### Work order
The answer must reproduce the listing exactly, with every picture left out.

### Information provided
──────

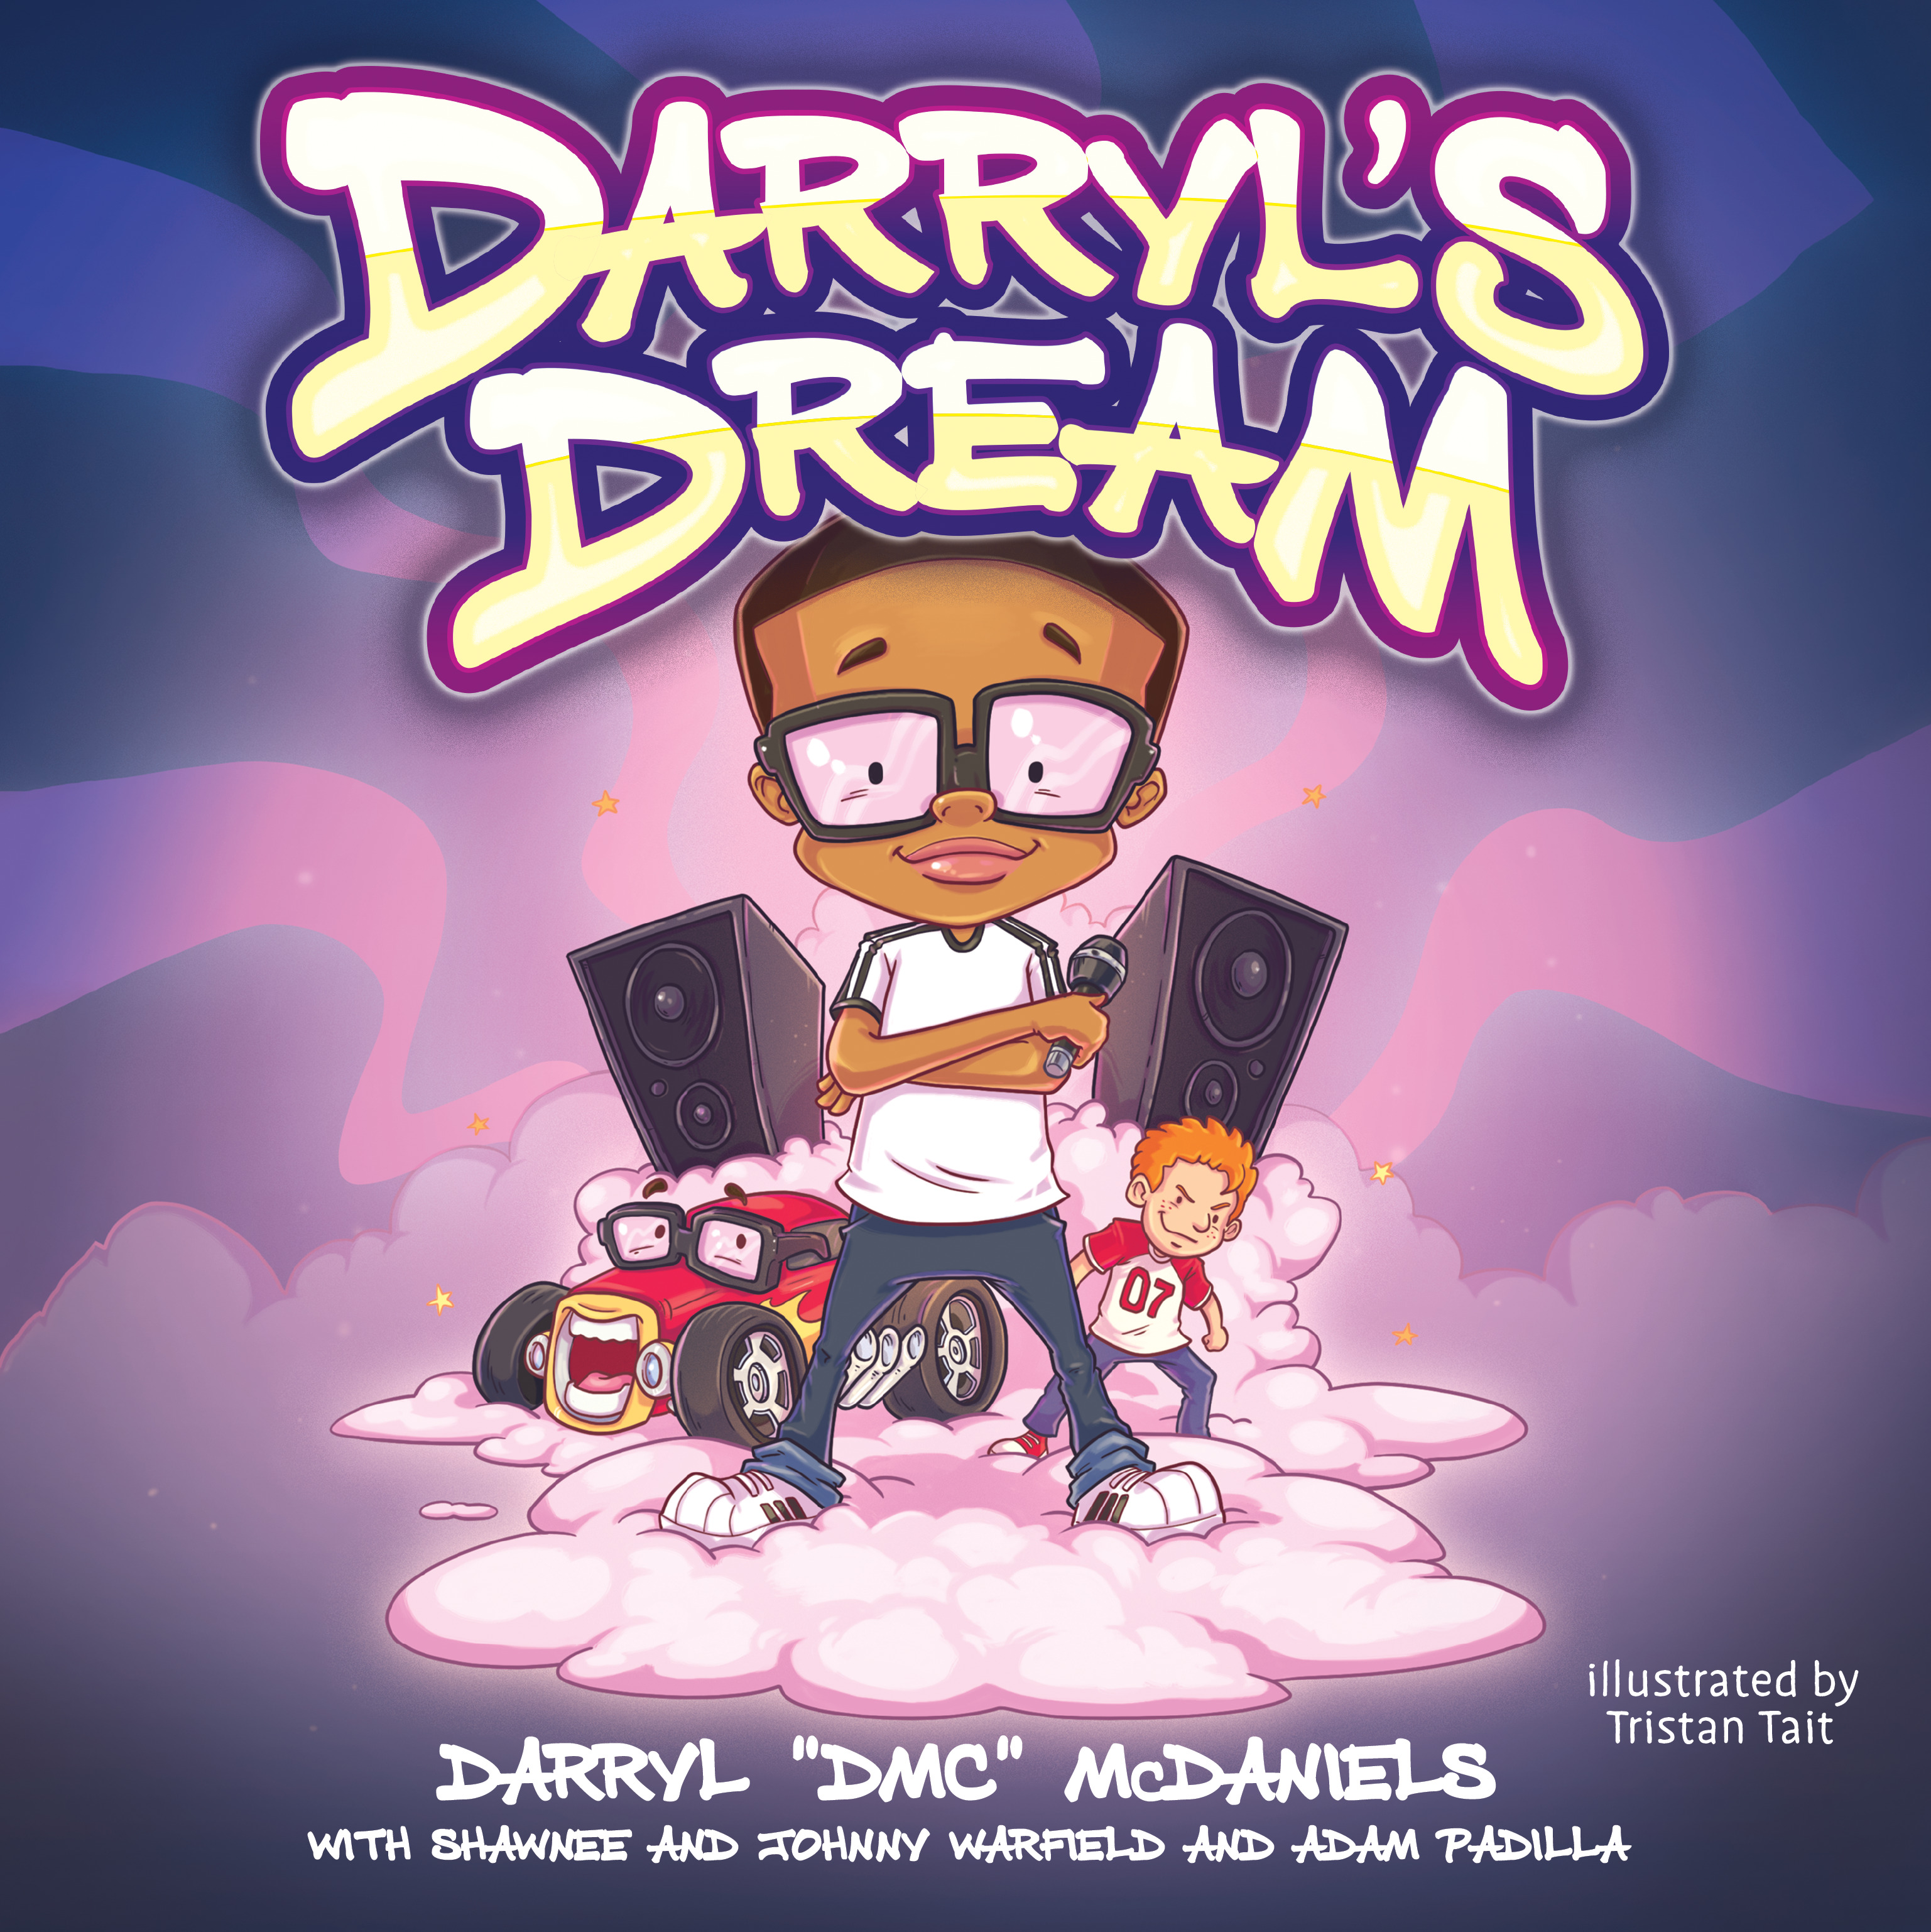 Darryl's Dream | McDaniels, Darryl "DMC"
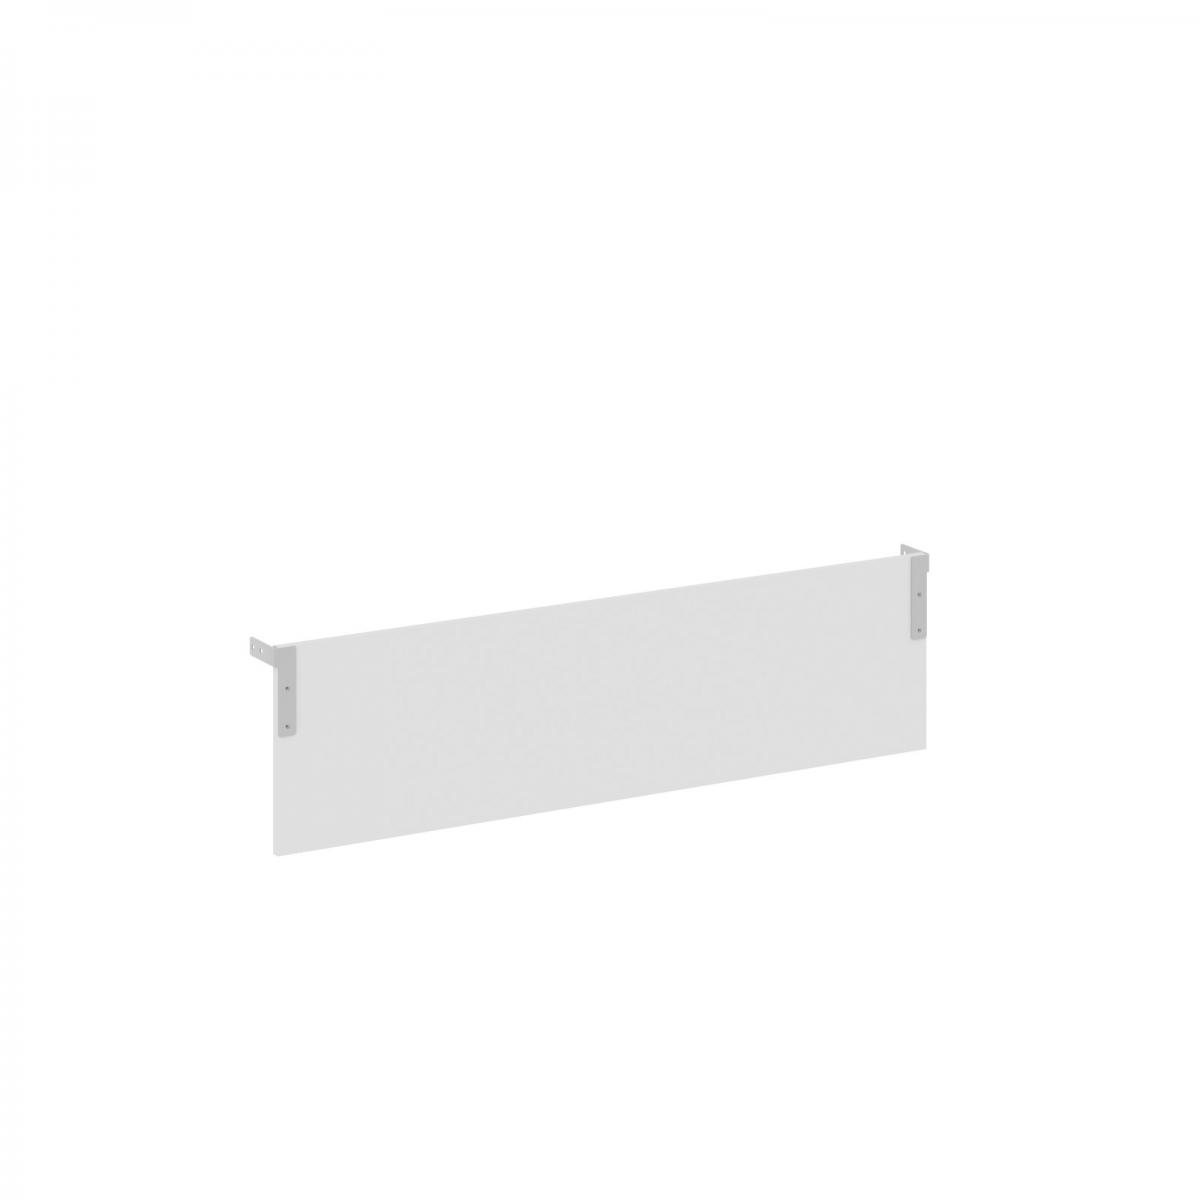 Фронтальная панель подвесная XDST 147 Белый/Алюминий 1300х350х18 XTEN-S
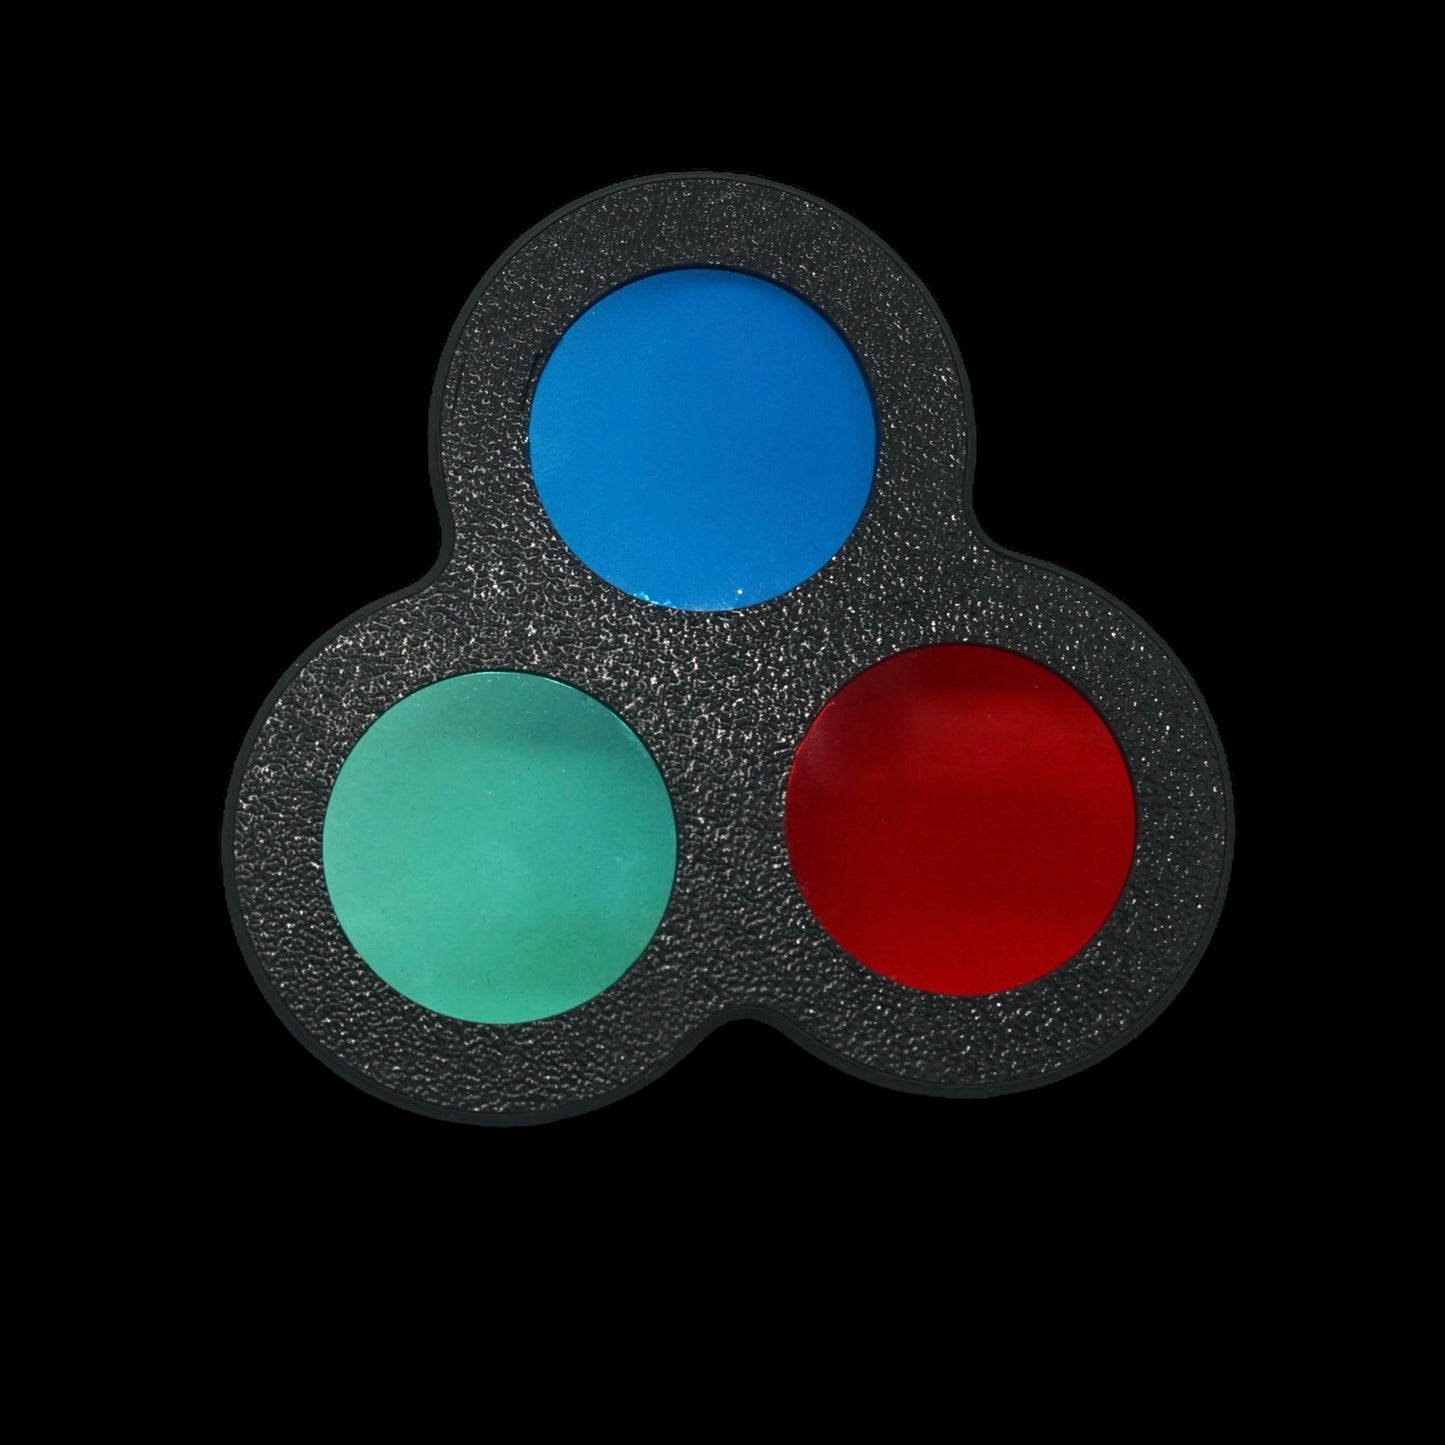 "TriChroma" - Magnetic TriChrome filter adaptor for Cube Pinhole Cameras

──────

### Answer section
 Darryl's Dream | McDaniels, Darryl "DMC"
 Фронтальная панель подвесная XDST 147 Белый/Алюминий 1300х350х18 XTEN-S
 "TriChroma" - Magnetic TriChrome filter adaptor for Cube Pinhole Cameras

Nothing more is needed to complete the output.